Llewellyn (Alan David) – Llewellyn is Boycie's Welsh next-door neighbour. Boycie continually refers to him as a mad Welshman, in reference to his eccentric behaviour and Welsh nationalist views. He has been known to be self-centred and puts his needs before others. In the episode "Testing Times", he reported Boycie for using Artificial Fertiliser on his Organic Farm. This could have put Boycie in prison for up to five years. Llewellyn has a daughter called Rhian, who is Tyler's English teacher. Rhian has appeared in two episodes.

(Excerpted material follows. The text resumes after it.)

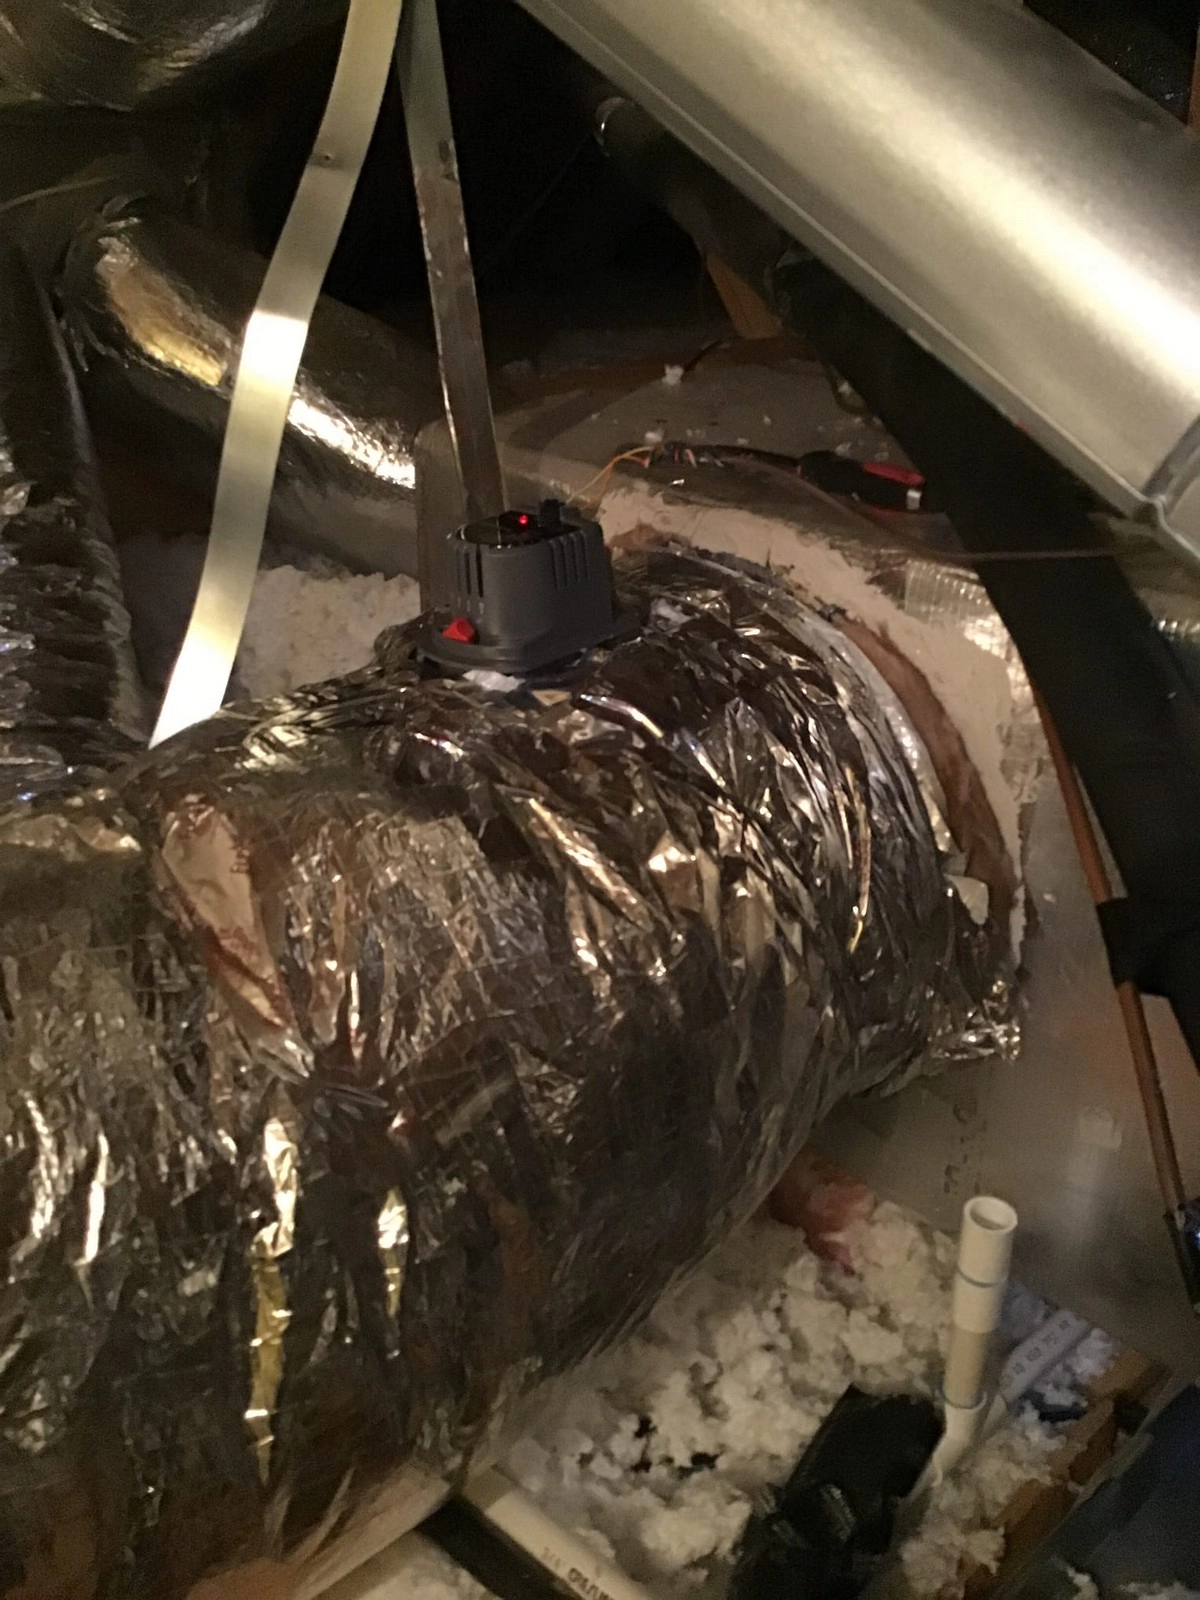 A section of ductwork made up of tubing used to distribute hot air through the rest of a ventilation system.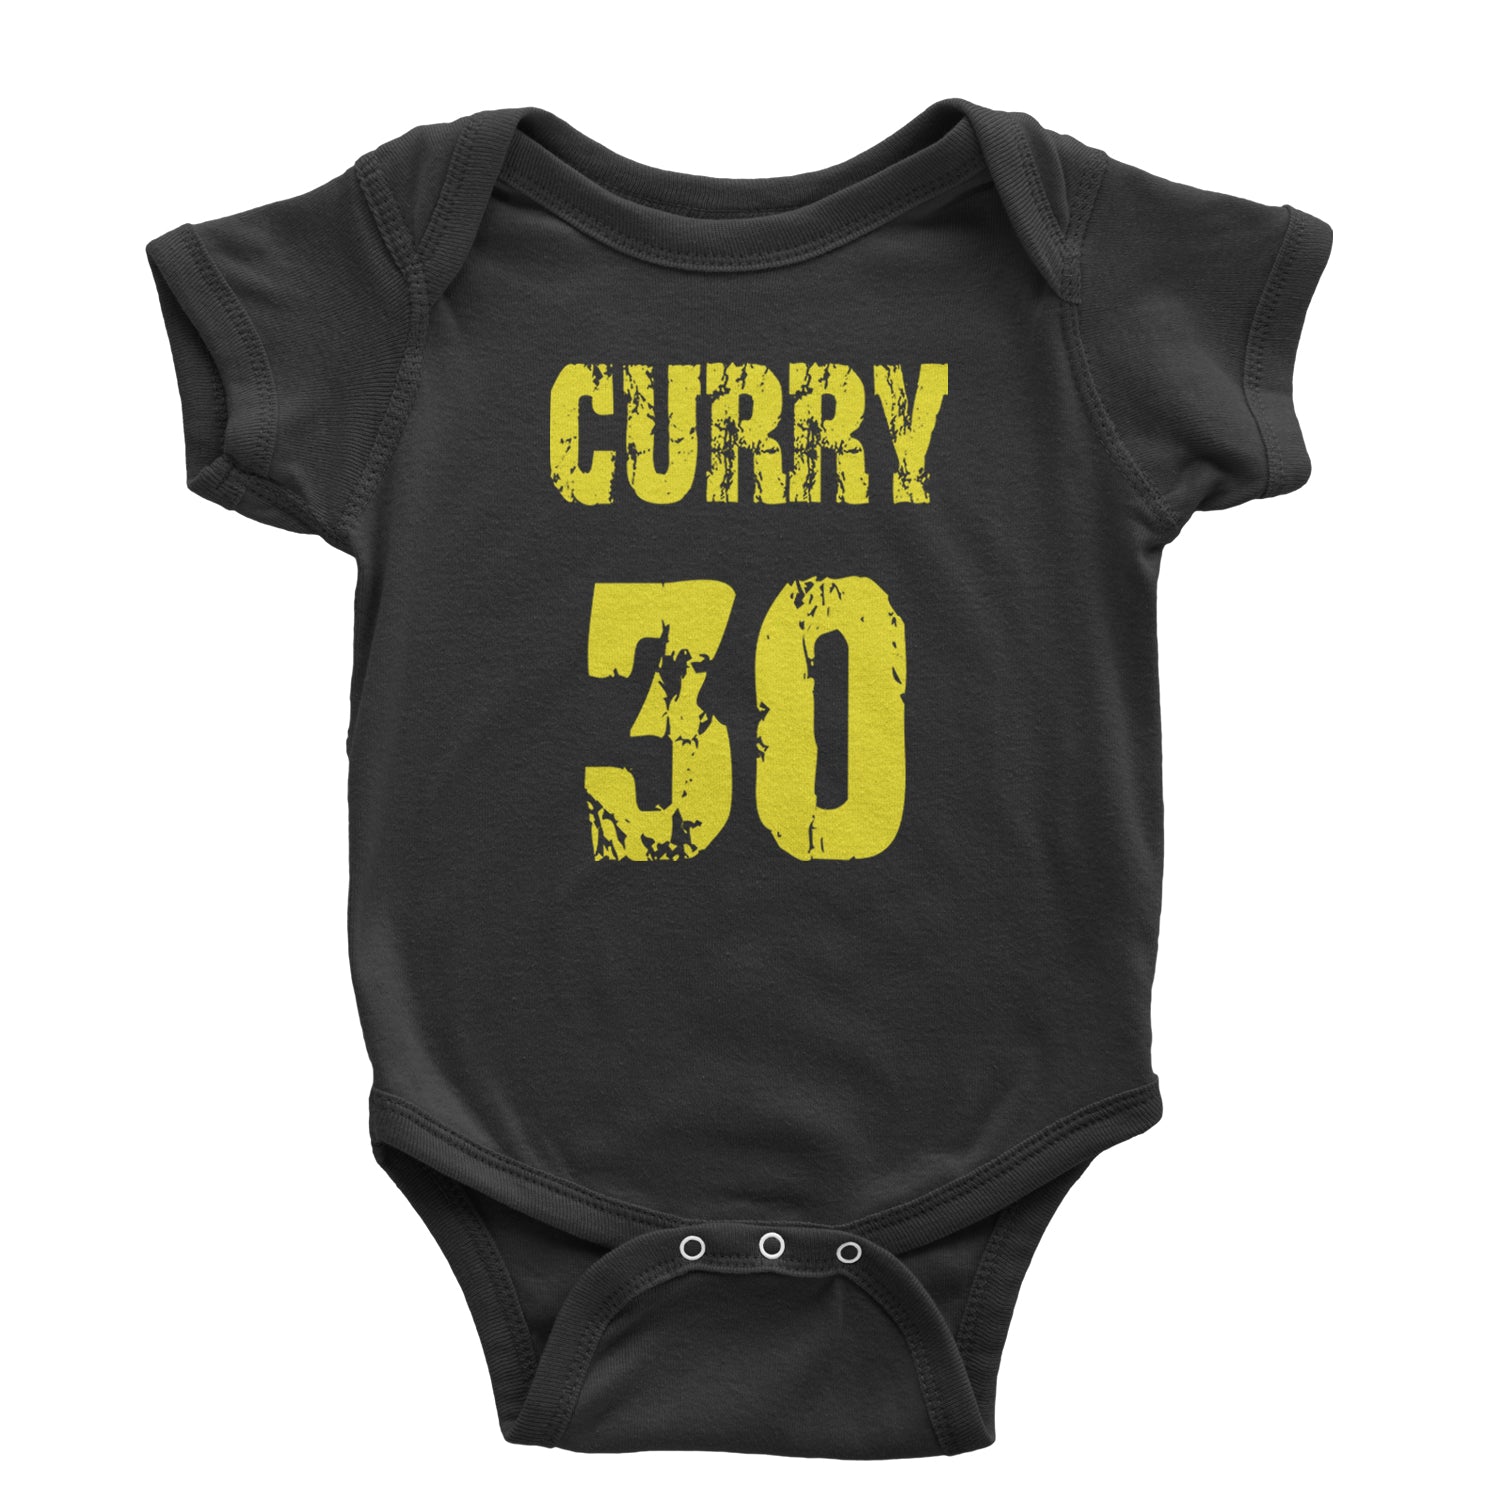 Curry #30 Infant One-Piece Romper Bodysuit and Toddler T-shirt

Llewellyn has been known to get a little out of his own depth, such as when he challenged Boycie to a pub quiz in More Questions Than Answers and lost ten thousand pounds that he didn't have in the first place. He has also accused Boycie of things that he hasn't done, such as in From Here To Paternity when Boycie's dog, Earl, supposedly made Llewellyn's 'slapper of a dog' pregnant, which Earl didn't.

Beth

Bethany (Lisa Diveney) – Beth is Tyler's Welsh girlfriend until the end of the third series. She is intelligent, pretty and a practicing vegetarian, but also intolerant of people who do not share her views. In the episode "Mother Earth," Beth's patience with Tyler and the family was put to its ultimate test. Among other things, she got upset with Tyler's lack of interest in her horse-racing protests and his decision to choose eating meat over a relationship with her, and is later traumatised when she peers through the window of their home to see Boycie completely naked, thanks to Earl.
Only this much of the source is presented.